The present results, however, should be scrutinised considering the small number of patients enrolled in the current pilot study. Even though the clinical and haemodynamic characteristics of these patients were similar to the previously described data from IPAH patients 28 and baseline haemodynamic data did not differ significantly between responders and nonresponders, the proportion of responders is higher than previously described for the defined response criteria 8.

Although not the primary objective of the present study, the use of MRI also allowed the noninvasive estimation of haemodynamic data, such as the CI. The interobserver agreement for the estimation of CI was excellent, probably due to the fact that the CI was calculated from aorta flow measurements and, since the aorta is an extremely regular vessel, there is little room for involuntary measurement misjudgement at the semi-automatic contour detection used for the flow analysis 19, 21, 24.

The mean error found when analysing the agreement between CI measured using MRI and RHC shows that, although MRI seems to be an interesting noninvasive method for haemodynamic assessment 16, CI_MRI cannot be used as a substitute for CI_RHC at the present time. Nevertheless, the potential use of CI_MRI as a follow-up tool in order to demonstrate the trend towards improvement or deterioration in CI during treatment remains to be addressed.

The limited number of patients studied did certainly influence the magnitude of the mean error between the two methods.

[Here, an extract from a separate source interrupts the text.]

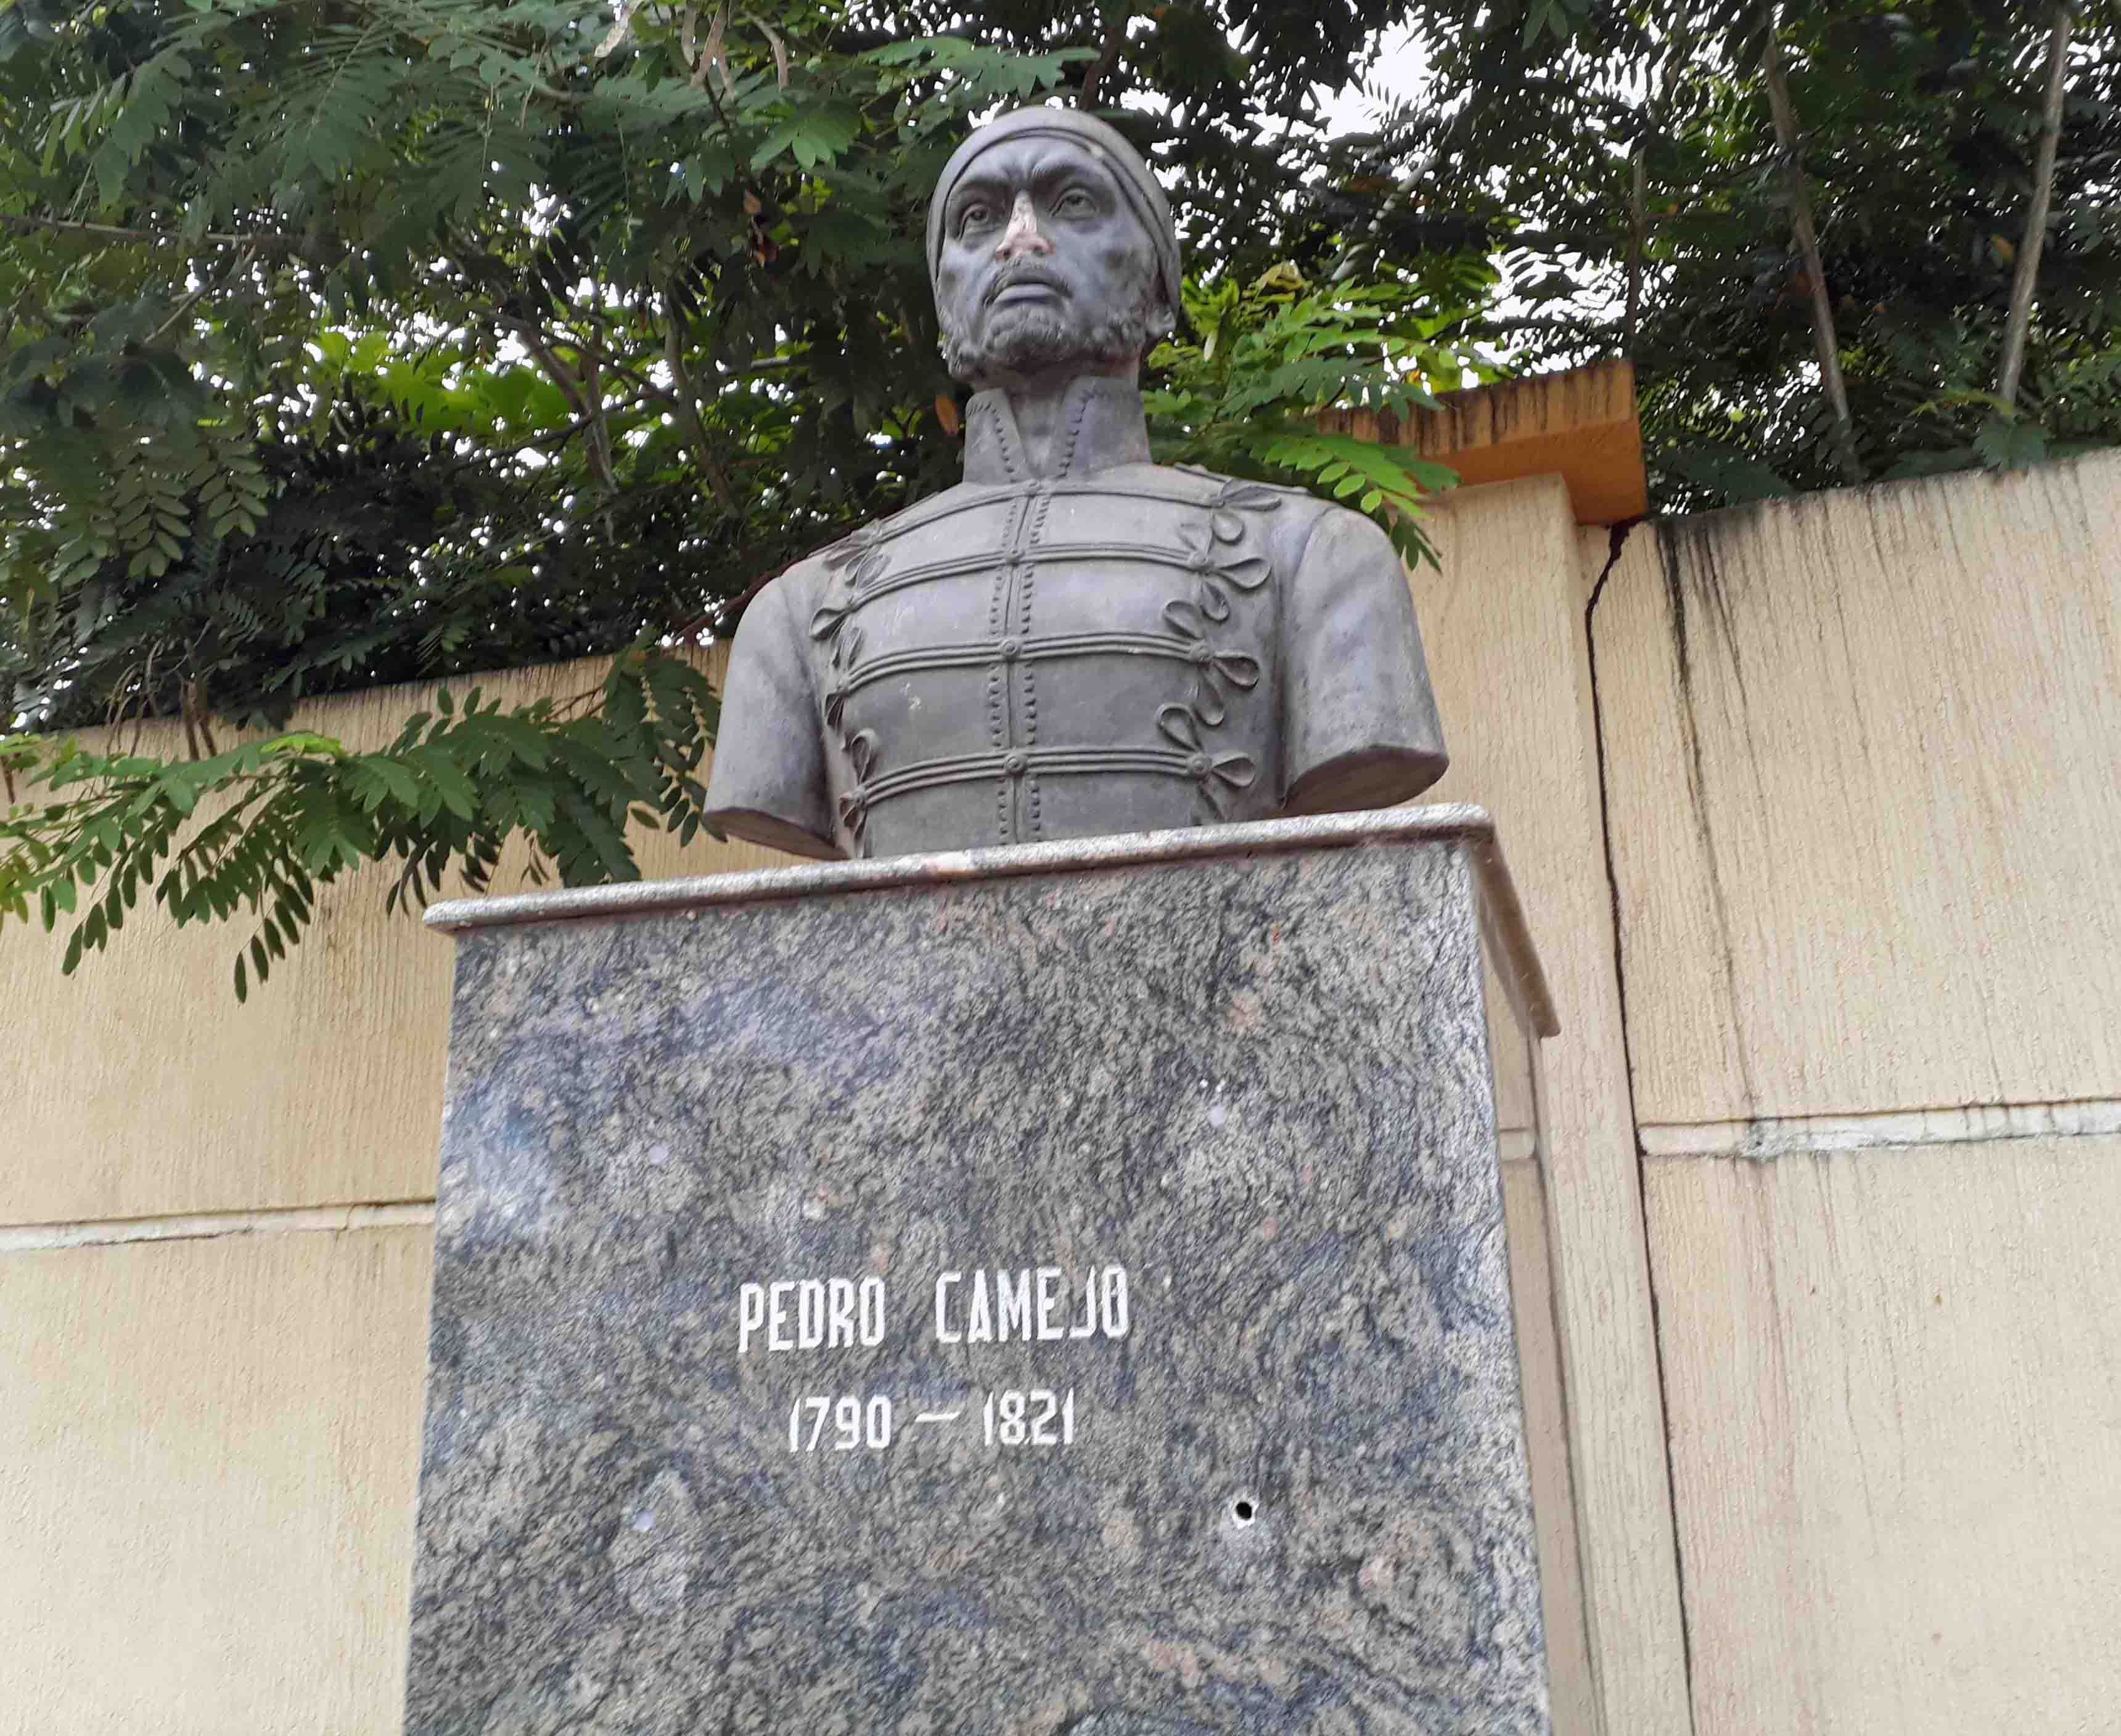 El busto de Pedro Camejo también queda en el Paseo Los Próceres de Maturín, aunque con algunos daños. Foto Jesymar Añez, noviembre 2018.

Moreover, RHC using thermodilution for CI determination may not be the ideal gold standard, as many factors, including tricuspid regurgitation, affect the accuracy of CI measurements 7. Future studies should compare cardiac output measurements using thermodilution, MRI and the Fick method.

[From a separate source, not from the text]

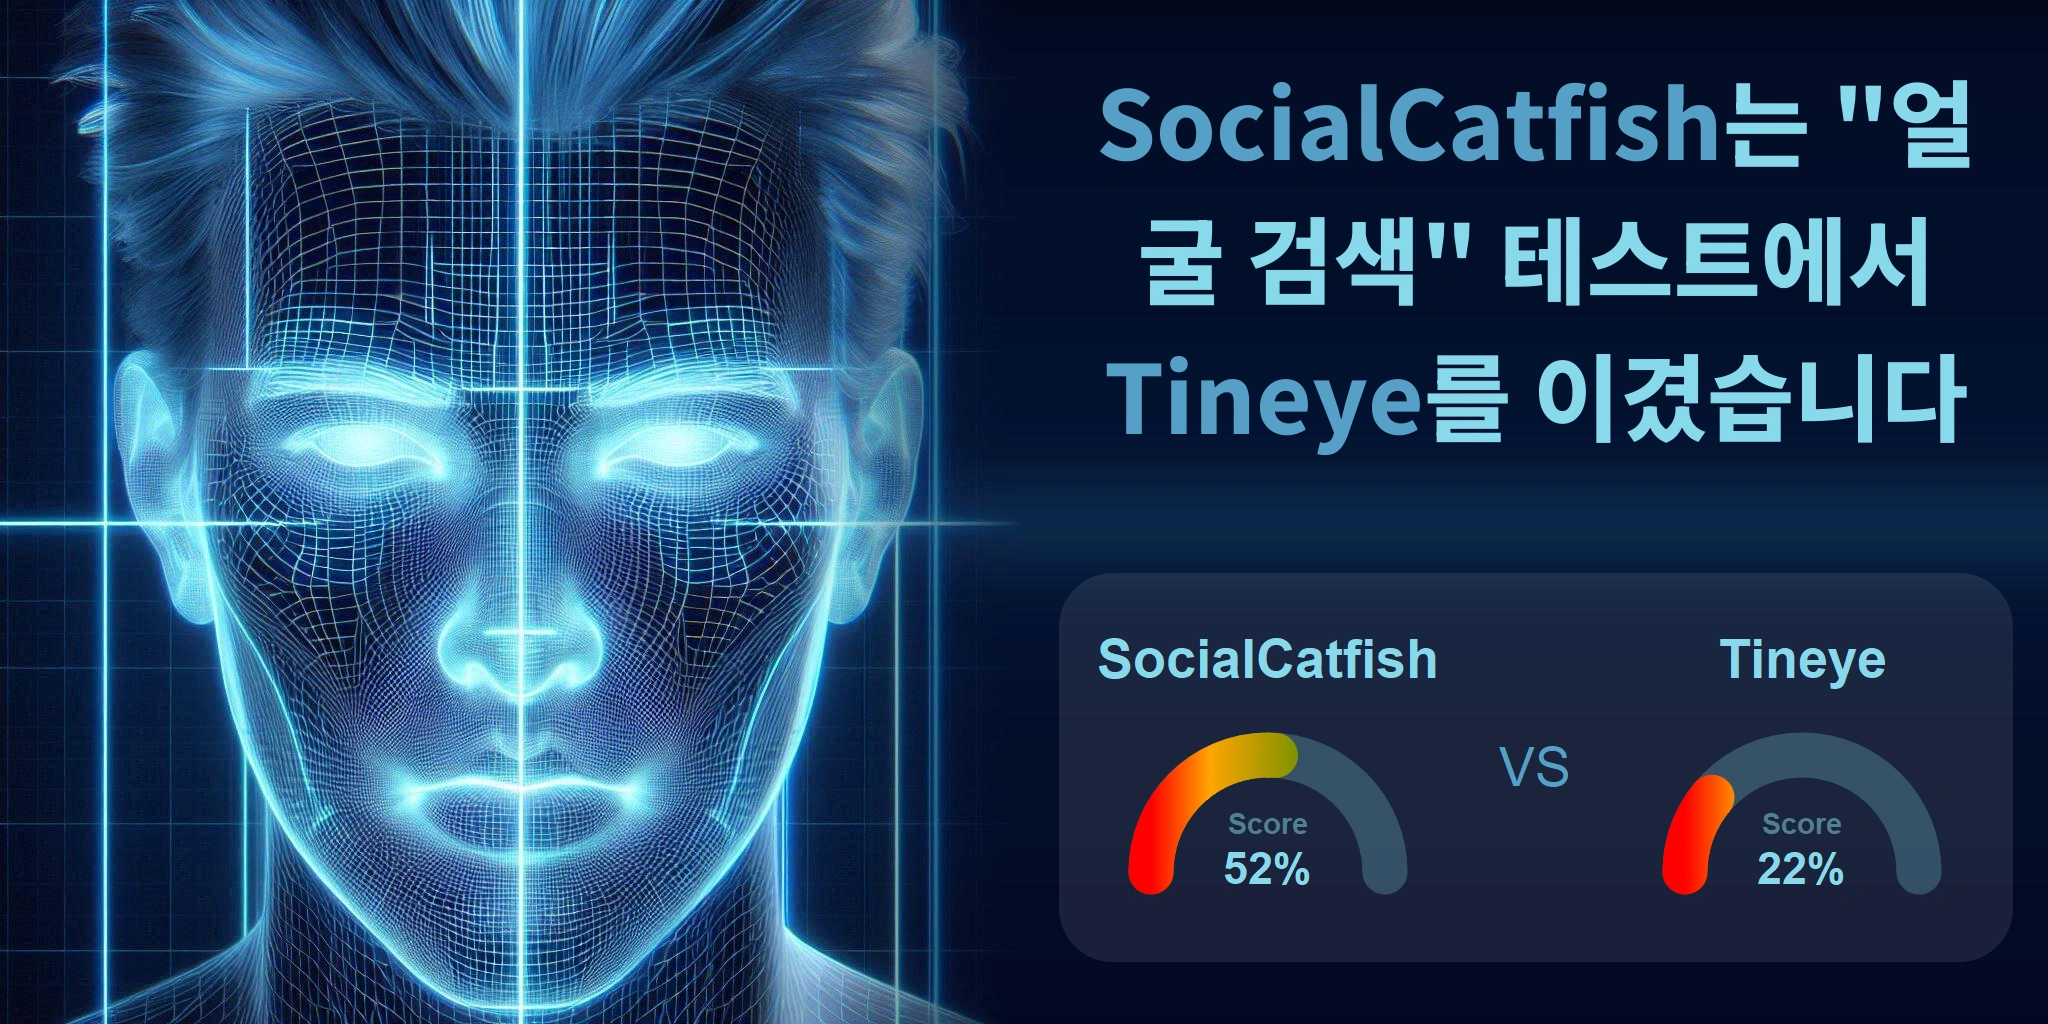 얼굴 검색에 더 좋은 것은 무엇입니까: <br>Tineye 또는 SocialCatfish?

Other data obtained using MRI image analysis also set interesting perspectives for its use. Significant correlations between RAP and RVEF, as well as P_pao and LVEF, show the relationships between ventricular pumps and upstream pressures, emphasising the potential ability of a noninvasive technique, such as MRI, in reflecting important prognostic markers in PAH patients, such as RAP.

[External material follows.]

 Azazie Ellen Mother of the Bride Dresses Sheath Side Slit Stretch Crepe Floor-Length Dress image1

Another interesting finding was the significant correlation between RVEF and LVEF. Previous studies in PAH patients have shown relationships between RV and LV volumes 18 and interventricular interdependence 29. The present findings regarding right and left ventricular function relationships are believed to reinforce the pathophysiological findings previously reported.

In conclusion, the present pilot prospective monocentre study indicates that noninvasive assessment of pulmonary artery distensibility using magnetic resonance imaging reflects the acute response pattern in idiopathic pulmonary arterial hypertension patients. These encouraging results, together with the prospect of using magnetic resonance imaging for haemodynamic measurements, should be confirmed in a larger prospective multicentre study.